*INSTRUCTIONS FOR THE TASK*. Look through the data below and extract, unchanged, the lines from the one that contains "Fondovalle Planeto Mars" to the one that contains "Lime Cola Colombian Decaf Coffee - Label", both included.

------------------------------------------------------------------------

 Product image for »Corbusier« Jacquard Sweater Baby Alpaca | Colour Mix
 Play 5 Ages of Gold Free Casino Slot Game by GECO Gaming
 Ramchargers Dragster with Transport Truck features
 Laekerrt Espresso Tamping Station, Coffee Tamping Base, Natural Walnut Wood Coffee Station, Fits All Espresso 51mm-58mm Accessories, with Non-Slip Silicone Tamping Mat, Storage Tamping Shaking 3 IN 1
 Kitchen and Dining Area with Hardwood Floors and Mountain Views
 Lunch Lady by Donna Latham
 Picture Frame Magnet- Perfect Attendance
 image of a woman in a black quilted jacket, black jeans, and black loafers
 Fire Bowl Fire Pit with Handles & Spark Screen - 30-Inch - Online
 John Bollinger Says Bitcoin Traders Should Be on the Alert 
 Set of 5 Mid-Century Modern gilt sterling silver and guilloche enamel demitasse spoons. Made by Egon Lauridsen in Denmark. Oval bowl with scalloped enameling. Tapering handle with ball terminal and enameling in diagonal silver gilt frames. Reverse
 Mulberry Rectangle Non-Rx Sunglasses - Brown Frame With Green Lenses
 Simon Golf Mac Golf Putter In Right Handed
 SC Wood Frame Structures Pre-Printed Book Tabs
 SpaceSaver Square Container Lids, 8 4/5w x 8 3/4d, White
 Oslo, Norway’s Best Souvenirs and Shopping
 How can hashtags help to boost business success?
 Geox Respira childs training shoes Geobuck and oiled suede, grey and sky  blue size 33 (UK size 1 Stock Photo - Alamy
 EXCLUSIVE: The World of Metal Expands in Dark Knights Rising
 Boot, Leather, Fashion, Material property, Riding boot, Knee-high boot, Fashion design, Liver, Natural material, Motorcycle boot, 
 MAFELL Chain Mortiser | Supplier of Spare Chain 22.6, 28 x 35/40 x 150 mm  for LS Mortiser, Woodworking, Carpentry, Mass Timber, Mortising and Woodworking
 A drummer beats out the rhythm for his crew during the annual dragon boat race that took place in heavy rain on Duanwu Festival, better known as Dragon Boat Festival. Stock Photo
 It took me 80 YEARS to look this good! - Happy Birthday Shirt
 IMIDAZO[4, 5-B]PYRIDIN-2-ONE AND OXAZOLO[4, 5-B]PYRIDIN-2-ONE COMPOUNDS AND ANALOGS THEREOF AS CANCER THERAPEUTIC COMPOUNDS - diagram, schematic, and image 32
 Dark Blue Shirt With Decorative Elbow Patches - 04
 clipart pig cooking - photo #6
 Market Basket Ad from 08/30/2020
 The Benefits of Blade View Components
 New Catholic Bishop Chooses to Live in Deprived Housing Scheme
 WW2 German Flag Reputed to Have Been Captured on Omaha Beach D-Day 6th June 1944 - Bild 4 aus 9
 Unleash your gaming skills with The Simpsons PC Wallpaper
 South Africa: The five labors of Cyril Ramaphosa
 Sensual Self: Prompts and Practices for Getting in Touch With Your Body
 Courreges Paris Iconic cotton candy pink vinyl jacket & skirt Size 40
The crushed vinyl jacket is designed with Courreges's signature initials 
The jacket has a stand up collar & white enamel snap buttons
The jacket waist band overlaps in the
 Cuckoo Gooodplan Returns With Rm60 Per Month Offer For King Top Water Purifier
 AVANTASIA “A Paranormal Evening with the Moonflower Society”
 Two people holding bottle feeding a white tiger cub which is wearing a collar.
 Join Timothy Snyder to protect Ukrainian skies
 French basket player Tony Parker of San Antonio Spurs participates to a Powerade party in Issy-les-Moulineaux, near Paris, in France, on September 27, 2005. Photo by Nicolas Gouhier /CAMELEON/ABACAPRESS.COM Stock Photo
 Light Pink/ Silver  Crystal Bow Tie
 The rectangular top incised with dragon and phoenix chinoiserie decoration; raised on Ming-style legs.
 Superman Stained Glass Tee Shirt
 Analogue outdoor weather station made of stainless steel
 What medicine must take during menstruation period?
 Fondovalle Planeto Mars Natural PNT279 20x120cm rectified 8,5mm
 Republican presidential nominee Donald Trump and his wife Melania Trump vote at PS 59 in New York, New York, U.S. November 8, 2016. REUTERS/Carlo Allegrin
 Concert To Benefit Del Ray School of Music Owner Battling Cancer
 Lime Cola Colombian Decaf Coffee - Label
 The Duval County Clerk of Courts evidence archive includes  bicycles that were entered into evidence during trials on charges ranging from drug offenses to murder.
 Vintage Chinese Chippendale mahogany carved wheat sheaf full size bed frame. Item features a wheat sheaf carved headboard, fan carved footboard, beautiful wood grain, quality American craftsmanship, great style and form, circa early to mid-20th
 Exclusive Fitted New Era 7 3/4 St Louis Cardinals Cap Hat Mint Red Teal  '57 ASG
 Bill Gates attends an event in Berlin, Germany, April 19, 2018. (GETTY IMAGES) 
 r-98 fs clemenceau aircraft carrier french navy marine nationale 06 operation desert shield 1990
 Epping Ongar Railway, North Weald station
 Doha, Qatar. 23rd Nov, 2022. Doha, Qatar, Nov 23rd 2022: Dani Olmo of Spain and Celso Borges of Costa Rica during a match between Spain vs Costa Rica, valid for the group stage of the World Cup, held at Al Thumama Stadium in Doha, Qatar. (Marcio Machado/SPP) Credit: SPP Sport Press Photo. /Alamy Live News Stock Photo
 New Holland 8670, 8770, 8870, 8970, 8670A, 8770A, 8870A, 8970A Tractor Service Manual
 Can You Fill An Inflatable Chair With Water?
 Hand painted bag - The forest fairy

------------------------------------------------------------------------

*TASK RESPONSE*.
 Fondovalle Planeto Mars Natural PNT279 20x120cm rectified 8,5mm
 Republican presidential nominee Donald Trump and his wife Melania Trump vote at PS 59 in New York, New York, U.S. November 8, 2016. REUTERS/Carlo Allegrin
 Concert To Benefit Del Ray School of Music Owner Battling Cancer
 Lime Cola Colombian Decaf Coffee - Label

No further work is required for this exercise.